The vulnerability CVE-2026-27755 affects the SODOLA SL902-SWTGW124AS device firmware versions up to 200.1.20, produced by Shenzhen Hongyavision Technology Co., Ltd. (Sodola Networks). It stems from the use of insufficiently random values in session identifier generation, specifically relying on predictable MD5-based cookies. This weakness falls under CWE-330, which addresses the use of weak randomness in security-critical contexts. Because the session IDs can be computed offline by an attacker who knows or can guess valid credentials, the attacker can bypass the authentication mechanism entirely, gaining unauthorized access to the device without completing the login process. The vulnerability requires no privileges, no user interaction, and can be exploited remotely over the network, as indicated by the CVSS vector (AV:N/AC:L/PR:N/UI:N). The impact on confidentiality, integrity, and availability is high, as attackers can fully control the device and potentially pivot to other network assets. Currently, no patches or fixes have been published by the vendor, and no known exploits have been observed in the wild. The device is likely used in network gateway or security appliance roles, making this vulnerability particularly concerning for organizations relying on these devices for network security and management.

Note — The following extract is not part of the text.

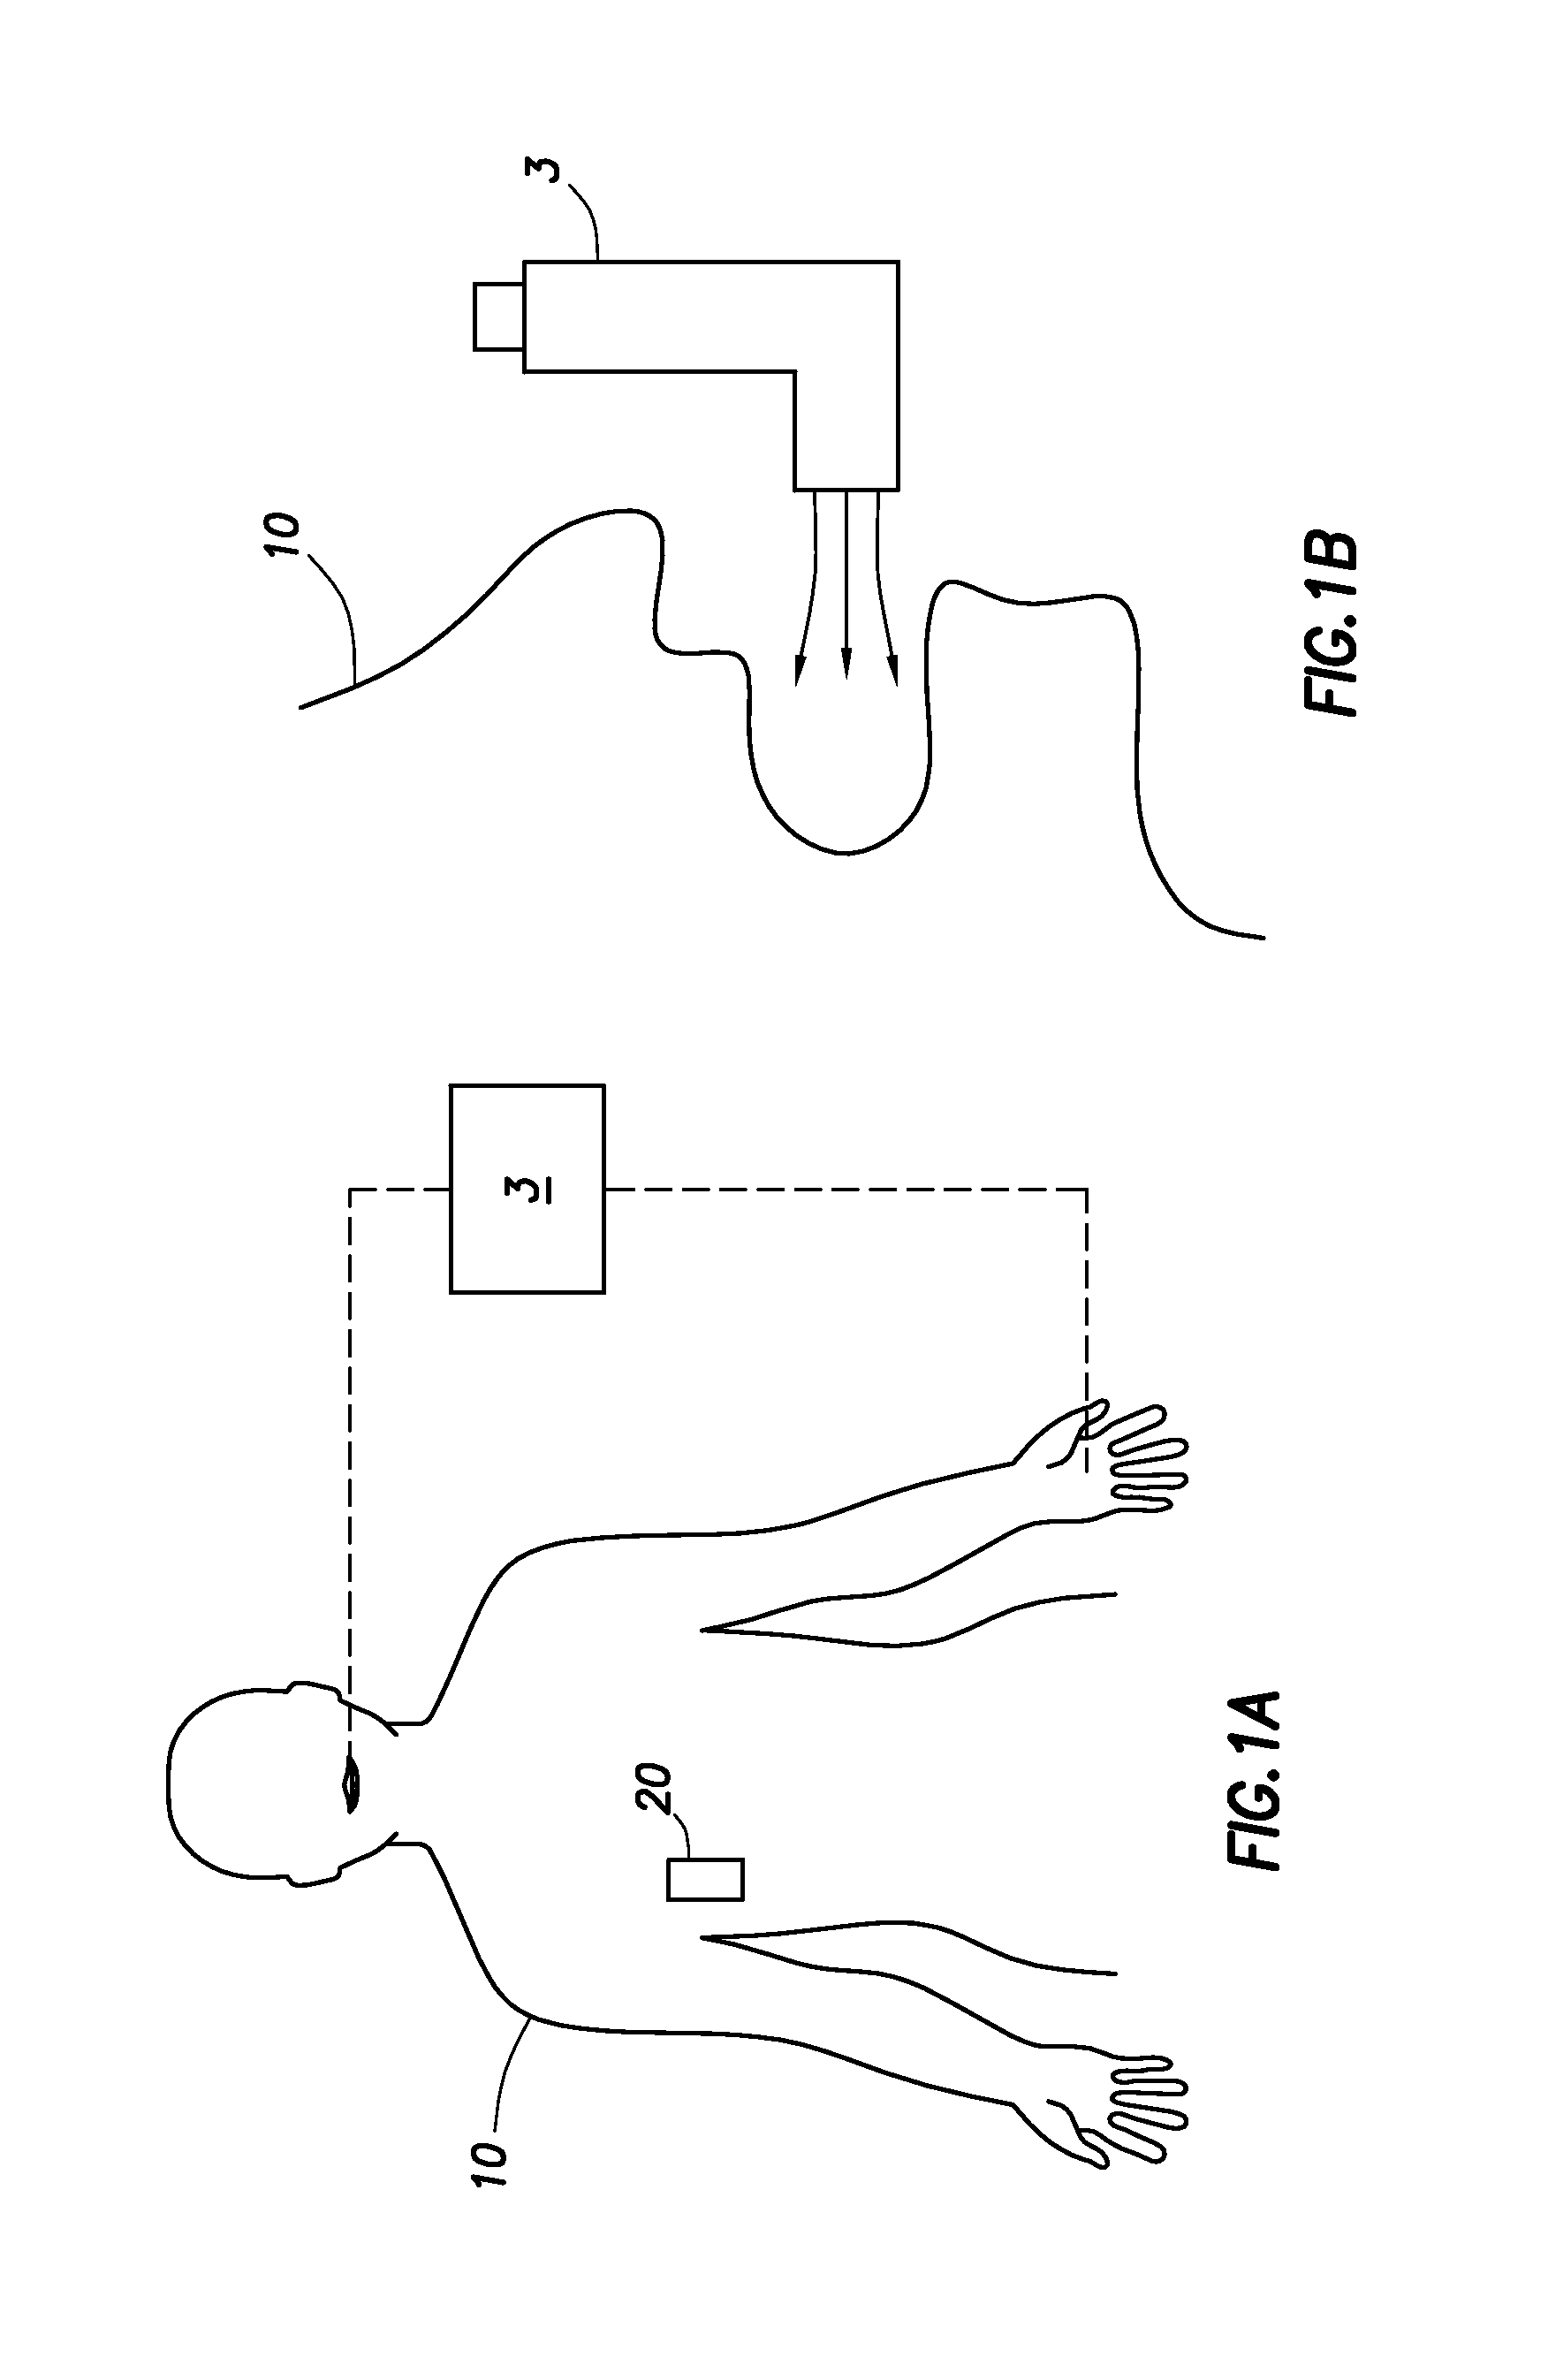 Apparatus, system and method for detection and delivery of a medicinal dose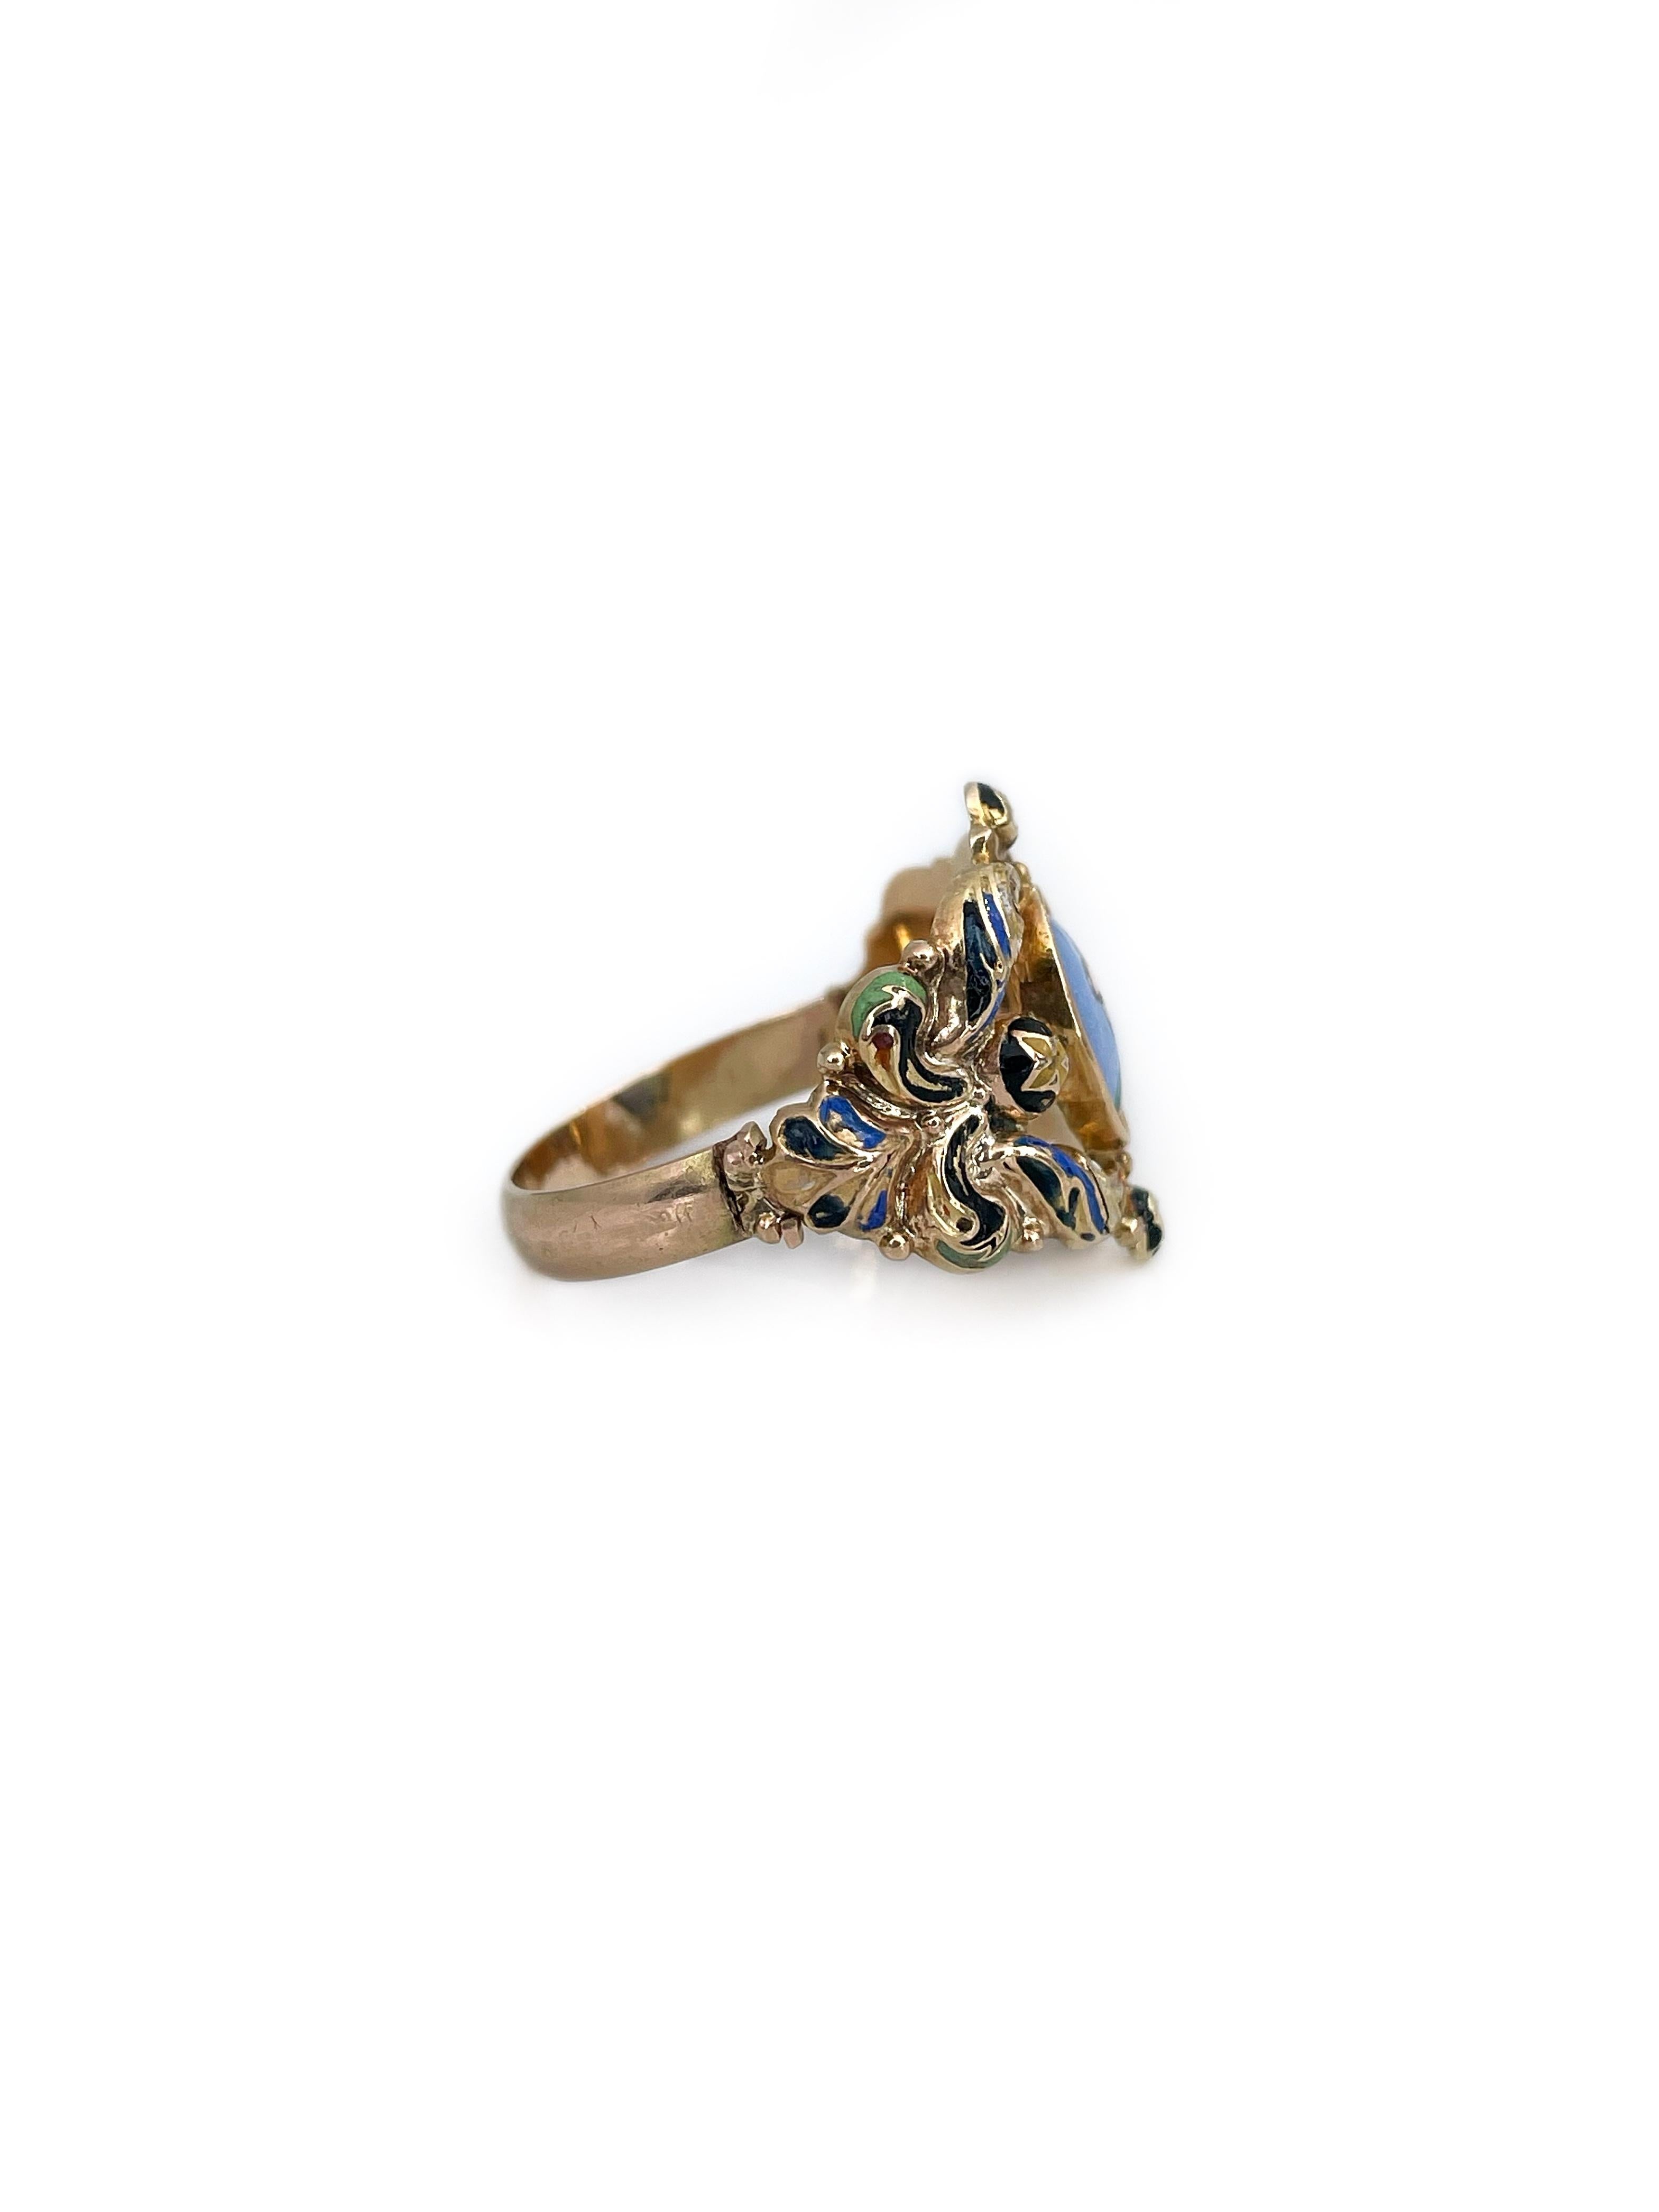 This is a Georgian miniature portrait ring crafted in 18K gold. The piece features detailed hand painted portrait of a lady. It is adorned with colourful enamel (average condition - can be seen in photos). It is seems that the shank has been after

The vulnerability allows attackers to bypass authentication and gain unauthorized access to the affected device, potentially leading to full device compromise. This can result in exposure of sensitive configuration data, interception or manipulation of network traffic, and disruption of network services. Since the device likely functions as a gateway or security appliance, compromise could enable attackers to move laterally within an organization's network, escalate privileges, or exfiltrate data. The ease of exploitation without any authentication or user interaction increases the risk of automated attacks and widespread exploitation once public exploit code becomes available. Organizations worldwide using this device face risks of operational disruption, data breaches, and loss of network integrity.

Until an official patch is released, organizations should implement strict network segmentation to isolate the affected devices from untrusted networks and limit access to trusted administrators only. Employ network-level access controls such as firewall rules and VPNs to restrict management interface exposure. Monitor device logs and network traffic for unusual authentication bypass attempts or session anomalies. Enforce strong credential policies to reduce the risk of attackers guessing valid credentials. Consider deploying intrusion detection/prevention systems that can identify exploitation attempts targeting this vulnerability. Once the vendor releases a firmware update addressing the issue, prioritize immediate testing and deployment of the patch. Additionally, maintain an inventory of affected devices to ensure comprehensive coverage of mitigation efforts.